So why hasn’t the government killed off this compromising target? One obvious answer is the political risk of abandoning a target once it has been set. Cameron and Theresa May are fully aware that the target is in many ways a liability. But they have calculated that dropping the target at this stage will send out an even more damaging political message: that their commitment to reducing immigration has been diluted.

But while the target may have been a failure, it has had significant effects on the way we talk about immigration. By setting a single, high-profile, quantitative target, the government has irreversibly shifted how we define and assess policy on immigration.

In our ESRC project on the Politics of Monitoring, we distinguish two main effects of this type of quantitative performance measurement. The first concerns how we categorise and count immigrants. The exercise of counting net migration implies suppressing important distinctions between groups – whether students, intra-company transferees and European Economic Area nationals, family migrants or refugees – and counting them as equivalent units. This glosses over important differences in the reasons behind migration, for example whether it is economic, family-related, linked to study, or fleeing persecution. And it overlooks the varied impacts of immigrants on the UK economy and society, as well as differences across regions of the UK.

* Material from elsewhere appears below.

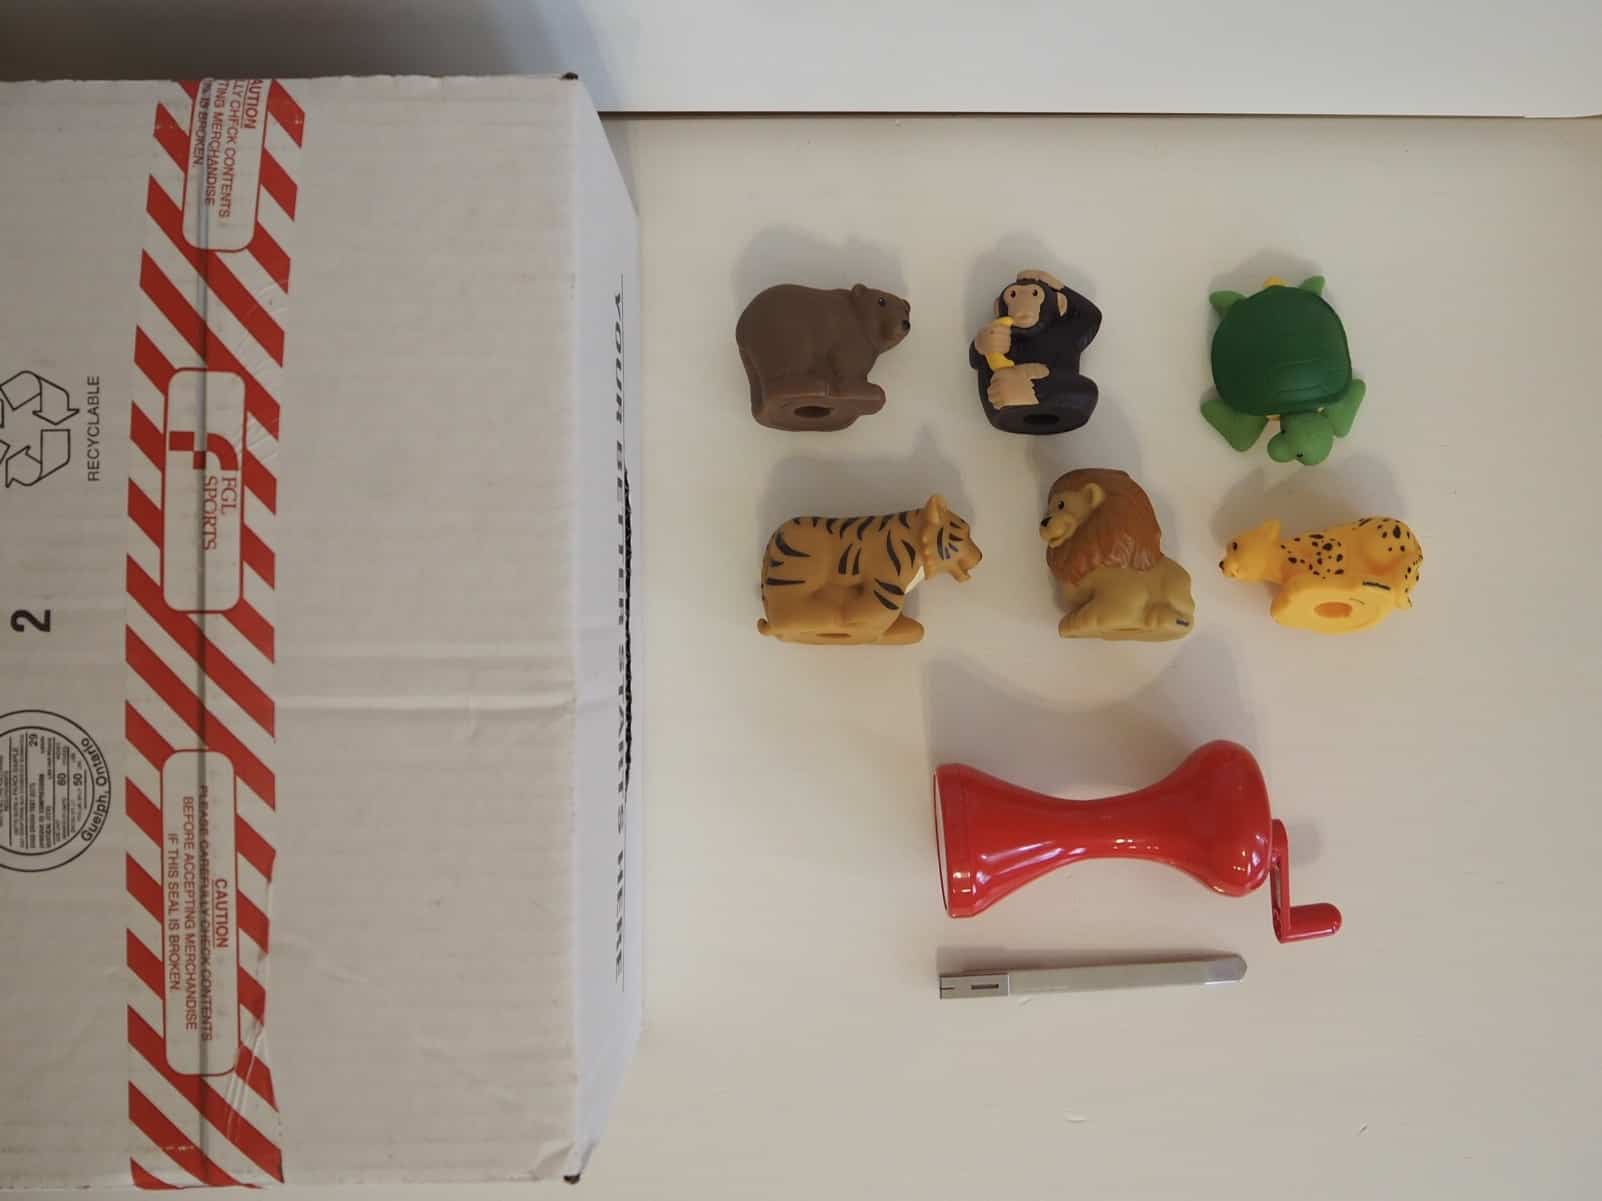 紙箱、美工刀、手電筒、小動物玩具們

Importantly, this re-classification of which immigrants ‘count’ has shifted political attention, bringing previously unproblematic – or even unobserved – groups of immigrants into the political spotlight. Few people were anxious about foreign students or high-skilled labour migrants before the target was introduced. Now they are all part of a problem to be reduced. What’s more, these new classifications are now embedded in the way statistics are produced and disseminated, and the way in which the public expects to appraise the government and hold it to account.

The second effect concerns the role of measurement. It has now become normal to frame immigration issues through using statistics, and especially in terms of overall flows. The use of numbers provides a particularly clear and authoritative way of expressing goals, one that appears more precise and objective than qualitative descriptions. It promises an especially rigorous way of holding government to account.

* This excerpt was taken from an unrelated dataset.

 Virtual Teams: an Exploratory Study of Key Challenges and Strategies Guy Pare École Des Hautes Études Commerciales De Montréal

Opposition parties have played into this, frequently pegging their critique on the government’s failure to meet its own target. This constant invocation of the target – even by its detractors – only reinforces the idea that such targets are valid and appropriate ways of framing policy. Meanwhile, Labour has struggled to articulate a clear and compelling message on immigration, partly because of its (justifiable) refusal to adopt a clear and simply target. The fact of the matter is, targets work very well as political messages.

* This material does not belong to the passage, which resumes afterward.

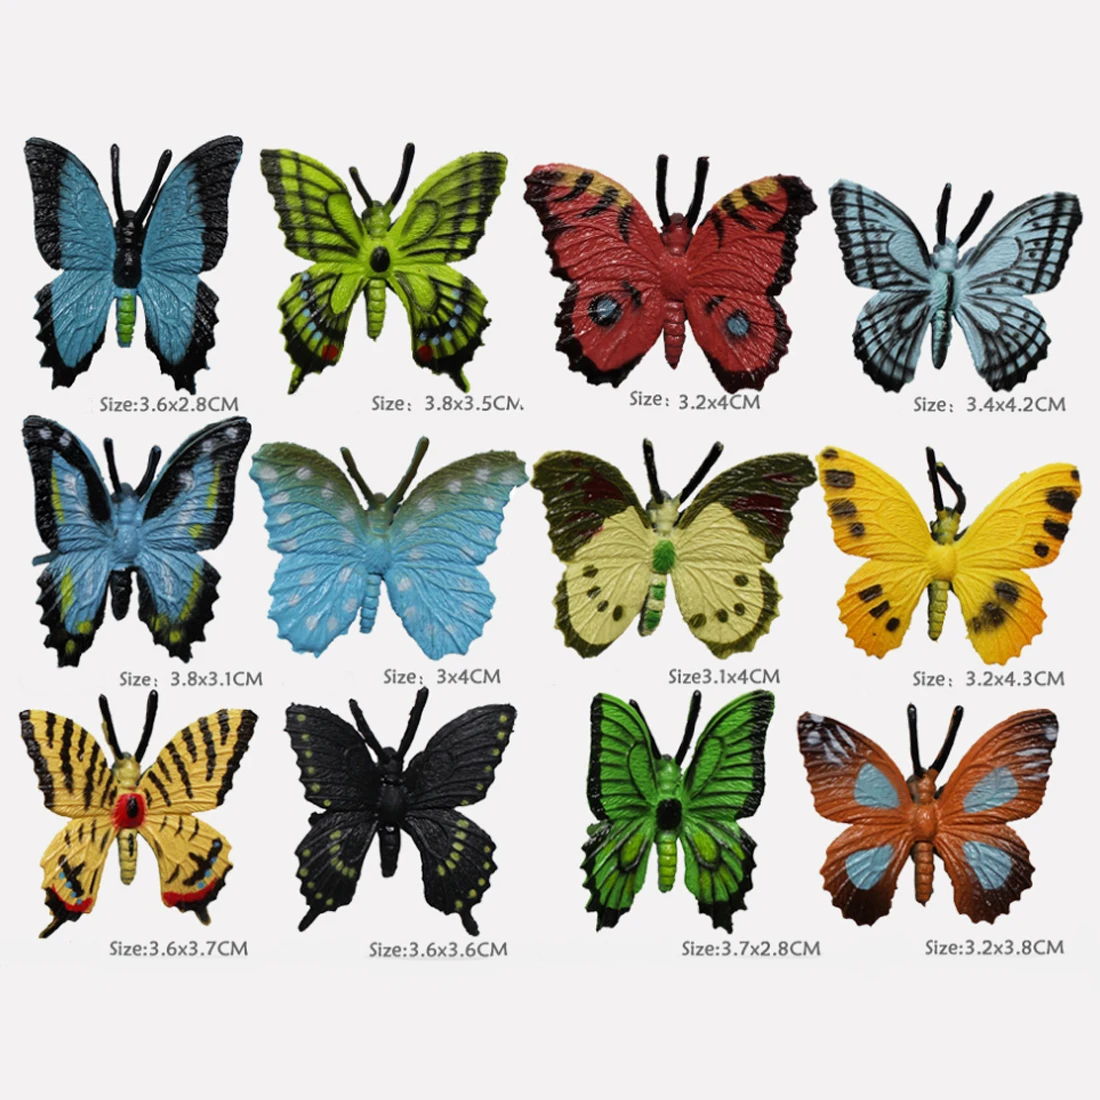 Вечерние Обучающие модели бабочки, 12 шт., обучающие игрушки для детей, Обучающие занятия по биологии, игрушки-насекомые, коллекция

We may dislike targets. We may find them simplifying, distorting and in many cases unrealistic. But once policies are framed in terms of precise quantitative goals, it is very difficult to undo these effects. In UK immigration debates, it has become difficult to resist assessing policy in terms of overall inflows of migrants, or articulating goals in terms of numbers. The net migration target may have failed, but it has profoundly influenced the way we deliberate on immigration policy.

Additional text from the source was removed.